At the recent announcement of SA Rugby’s new player contracting model, which is essentially aimed at keeping the middle tier of player in the country, one aspect of rugby’s future was glossed over. Coaching development and pathways.
Losing players at an alarming rate is a huge problem for SA. But if there is one issue more pressing, it’s the amount of coaching capital flowing out of the country.
The Hurricanes were a whisker away from becoming the first team in history to beat the Crusaders in Christchurch in a play-off game last week. They’re coached by John Plumtree, who learned and developed his craft in SA for more than a decade.
Johan van Graan is doing impressive work at Munster, Johan Ackermann has turned Gloucester into potential English champions, Gary Gold is coaching the USA with great success and Dave Wessels is doing an admirable job at the Melbourne Rebels with scarce resources.
They range in age from 37 (Wessels) to 51 (Gold) and none are involved in the SA game anymore.
In the coming weeks Franco Smith is off to coach Italy and Robbie Fleck will be surfing in Bali as he ponders his next move post Stormers. Jake White and Heyneke Meyer are coaching clubs in Japan and France respectively.
Add others such as the wily Alan Solomons, who is director of rugby at Worcester where Omar Mouneimne is the defence coach and it’s obvious SA has lost a minibus full of coaching talent.
I know there will be guffawing at the idea that Smith and Fleck are somehow great coaches, but this issue is broader than that.
Fleck has spent four years as a Super Rugby head coach.
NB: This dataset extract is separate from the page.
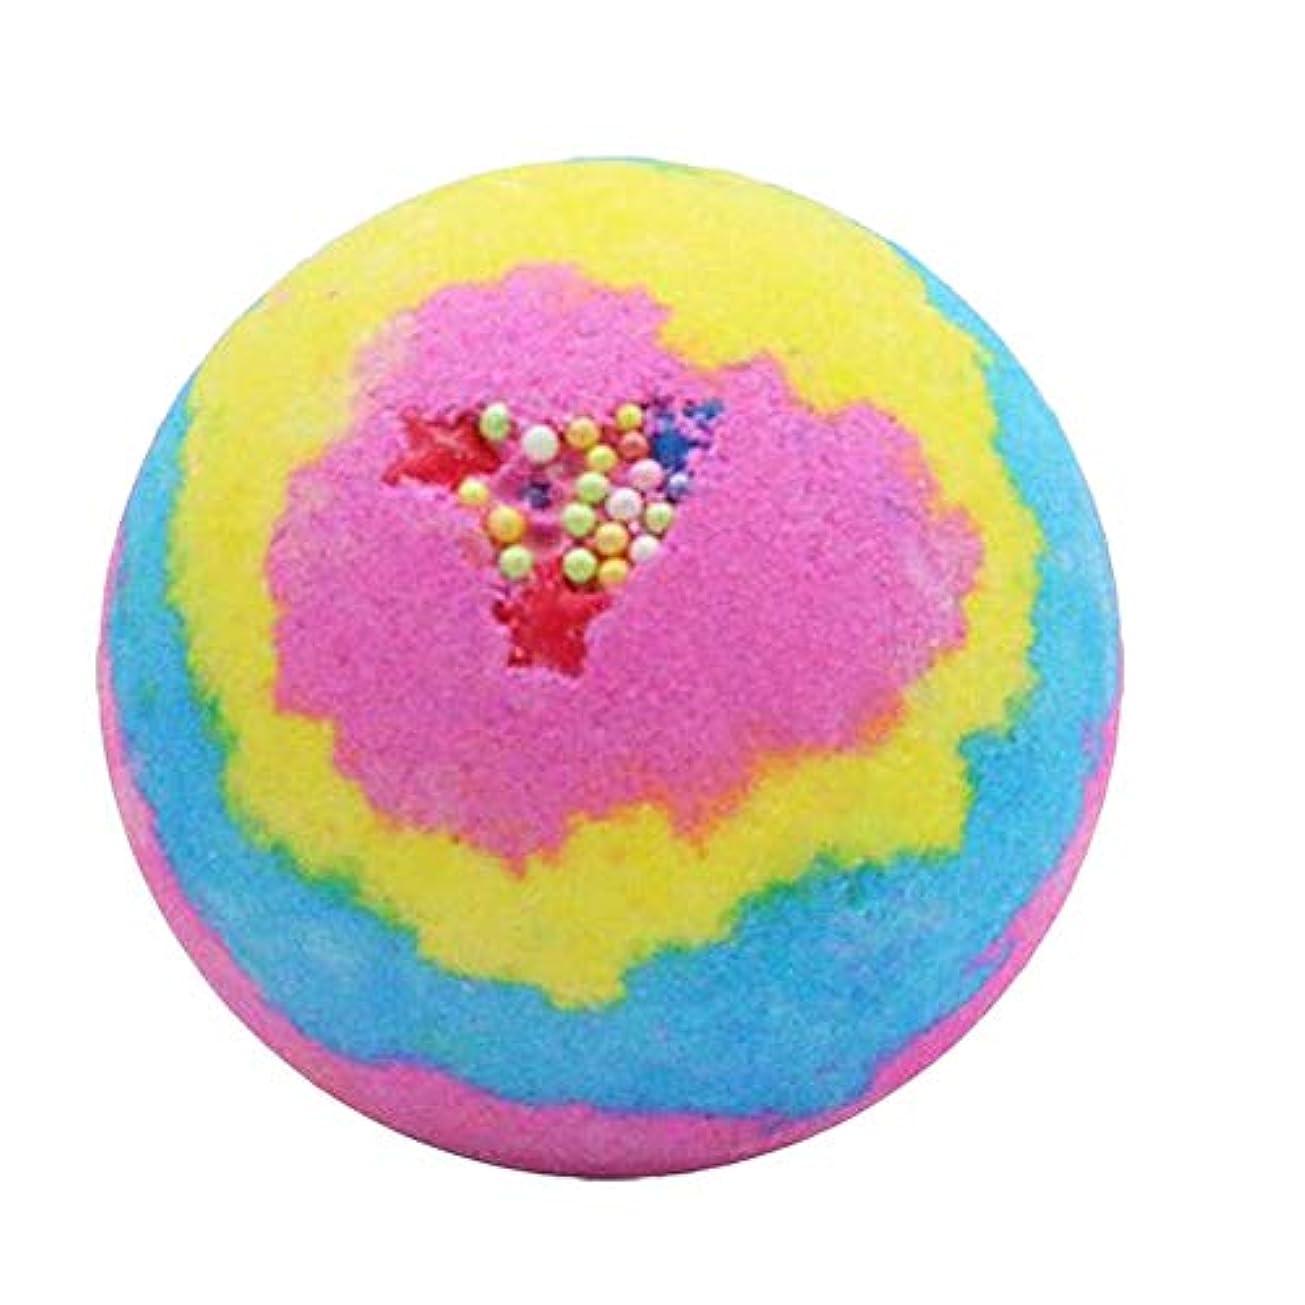 エコー頭一節TOOGOO レインボー ローズ入浴ボムズボール、スパ 誕生日プレゼント 潤いを与えます 女性のため、彼女のためのバスボムギフト
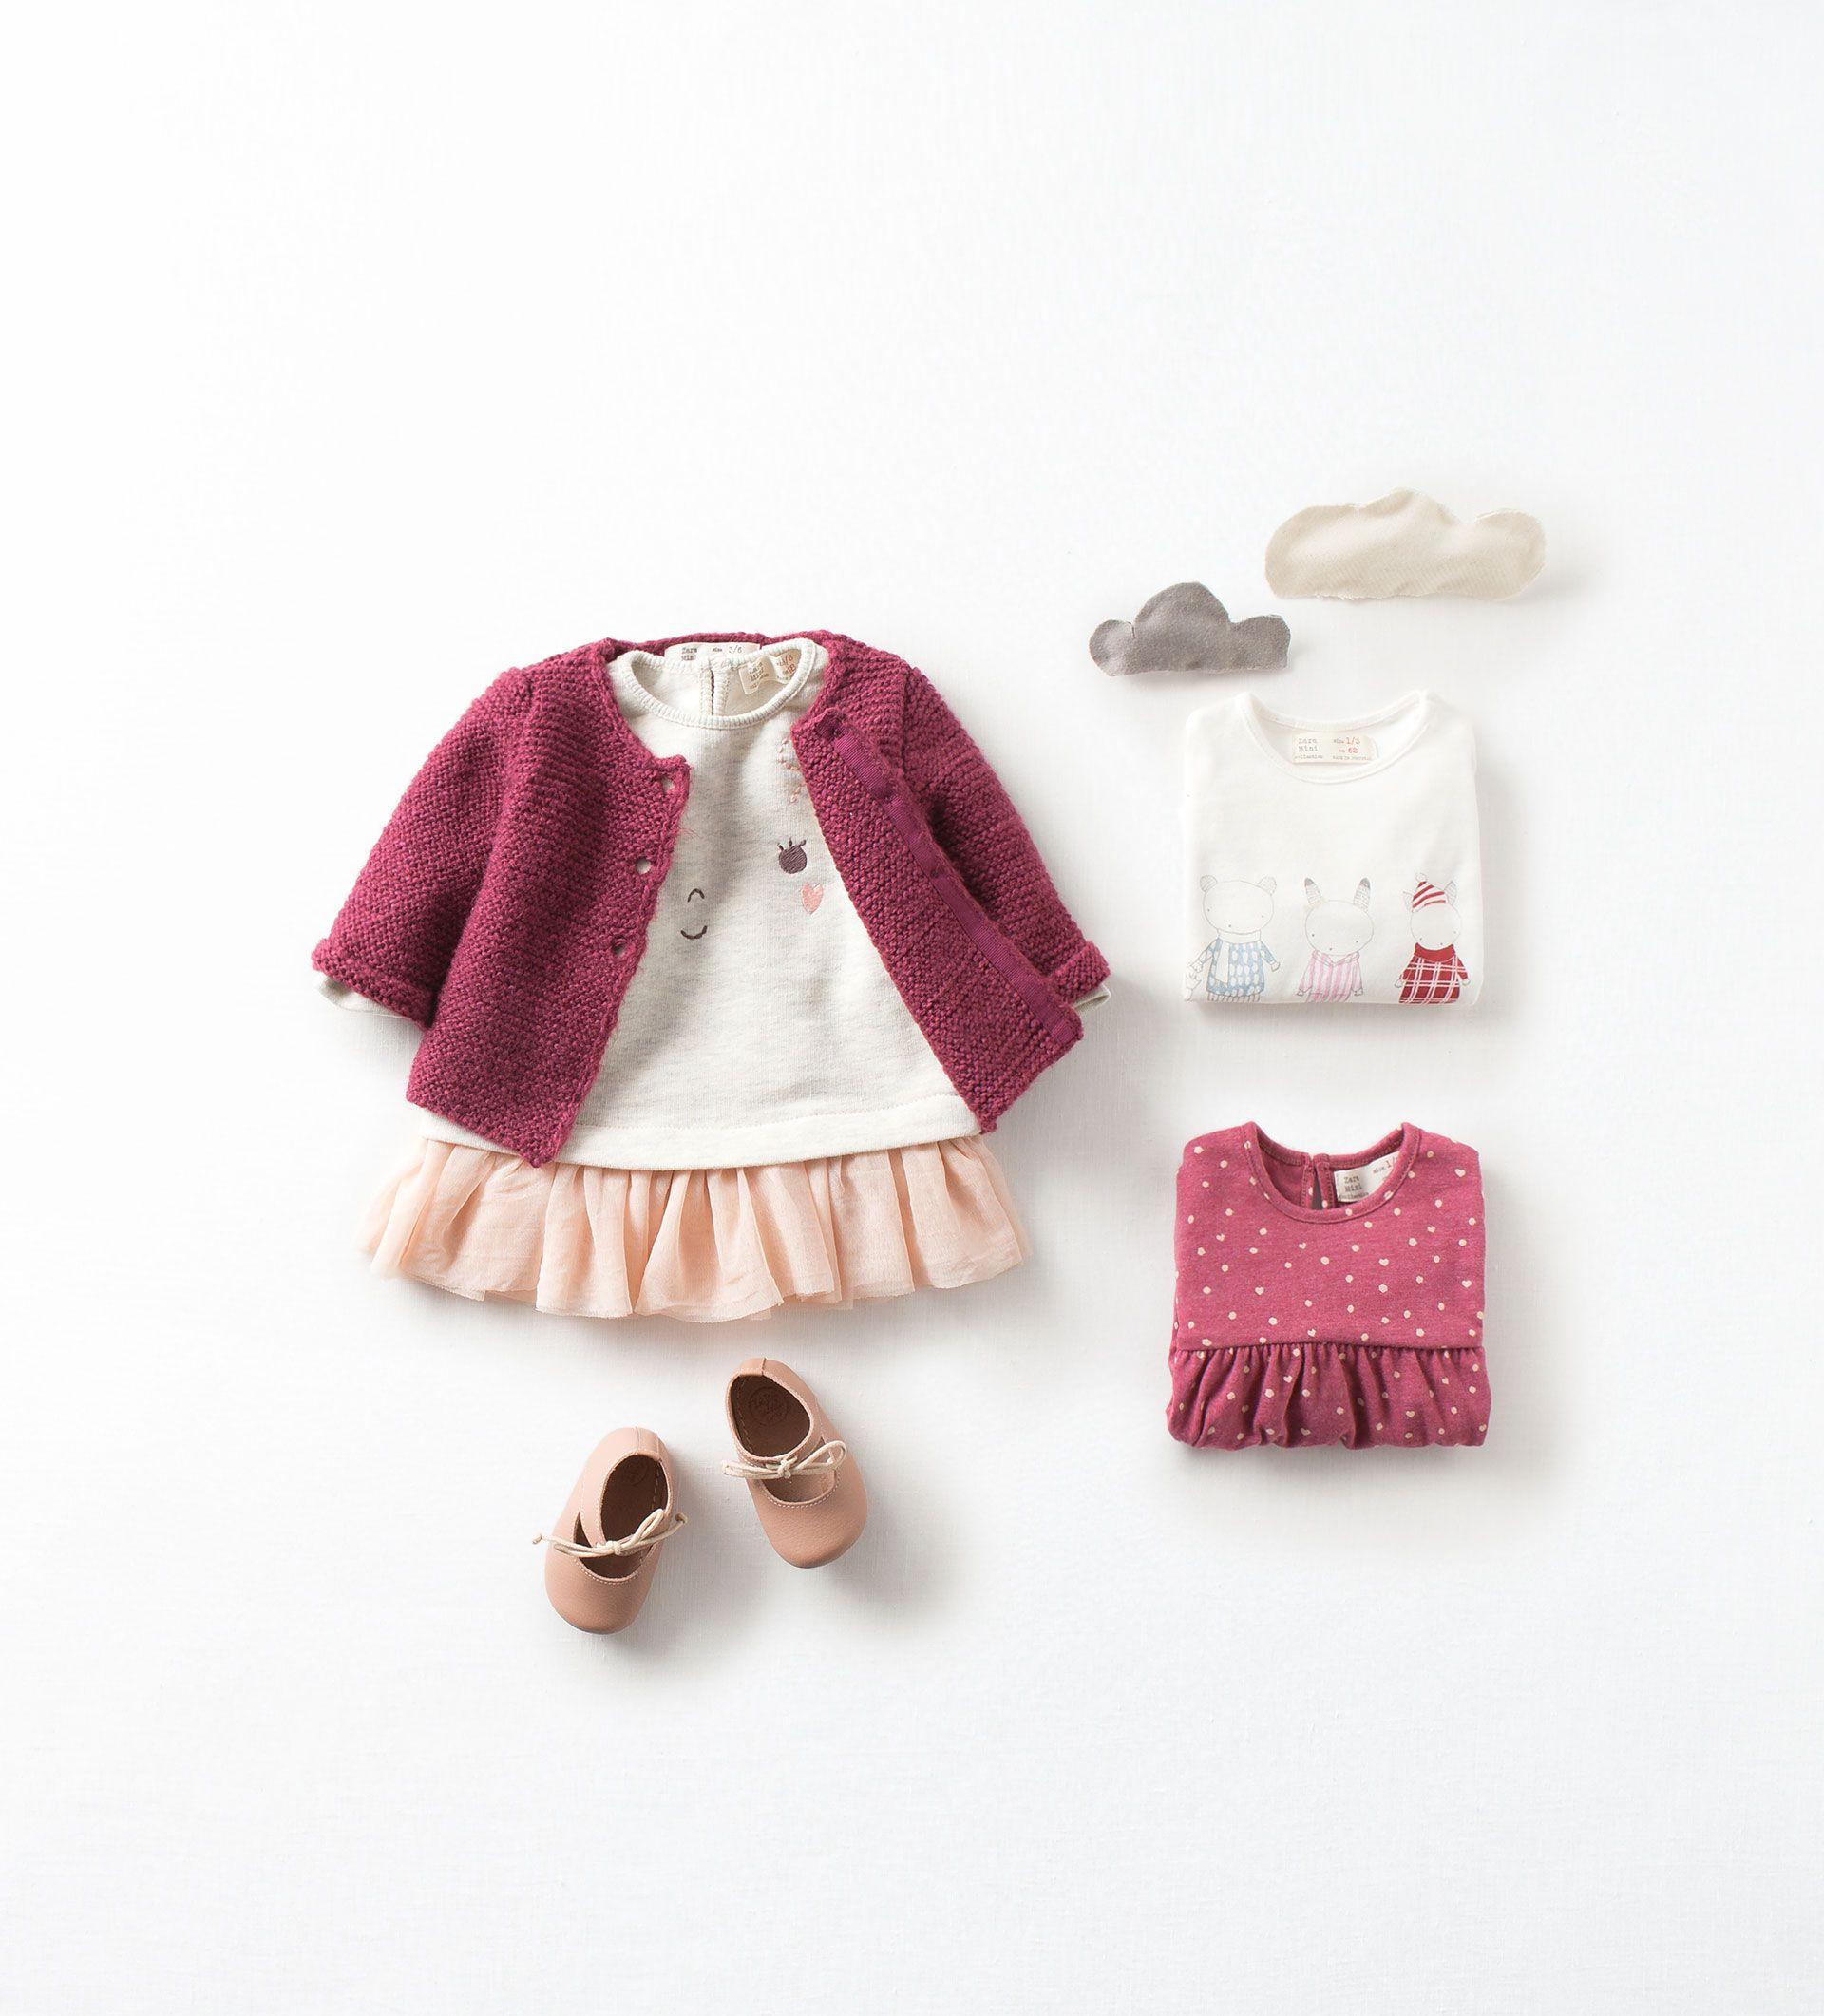 image 1 of from zara kids fashion pinterest kinder kleidung babysachen und kleidung. Black Bedroom Furniture Sets. Home Design Ideas

Thrown into the job without the right experience and pedigree, or without mentorship, he managed to just about survive. His winning ratio of 51% over four years is nearly on par with the lauded Swys de Bruyn’s 54% winning ratio over two seasons with the Lions.
The Stormers’ lack of success can easily be blamed on Fleck but so much more has been at play in Cape Town over the period he was at the helm of Cape Town’s flagship rugby team. And now, with all that hard-earned intellectual capital that could be used locally, he is likely to resurface as a coach in a foreign land.
Another loss to SA coaching, Smith’s taken on the Italy job which is a much more glittering assignment than the Cheetahs.
And what about Robert du Preez, by all accounts the most loathed rugby coach in SA? His Sharks have under-performed, and like Fleck, he is on his way out – less for his results and more for his personality clashes with players and Sharks management.
He was a successful Varsity Cup coach given a job above his station when the Sharks appointed him. He has made many mistakes in the last three years but he didn’t appoint himself.
And when the Sharks eventually show him the door it will mark the fourth head coaching change since Plumtree’s departure in 2013. What kind of succession planning is that?
Former Blitzboks coach Paul Treu may be a controversial figure but he is out of the coaching frame for the time being while Vuyo Zangqa had to achieve success with the German national sevens team before making a return to SA.
We can’t talk seriously about player development if there is no coaching development and no distinct coaching plan.
Fleck was not properly mentored and now he won’t be around to mentor another young SA coach. Treu became a frustrated figure at the Stormers because there was no clear career path carved out for him to pursue.
Both are too young to be lost to the SA system, especially considering the amount of time invested in their development.
Hiring and firing coaches is easy. But until there is patience and planning around a coach, SA teams will continue to flounder as typically, a young, inexperienced coach shoulders the blame for a massive systemic failure.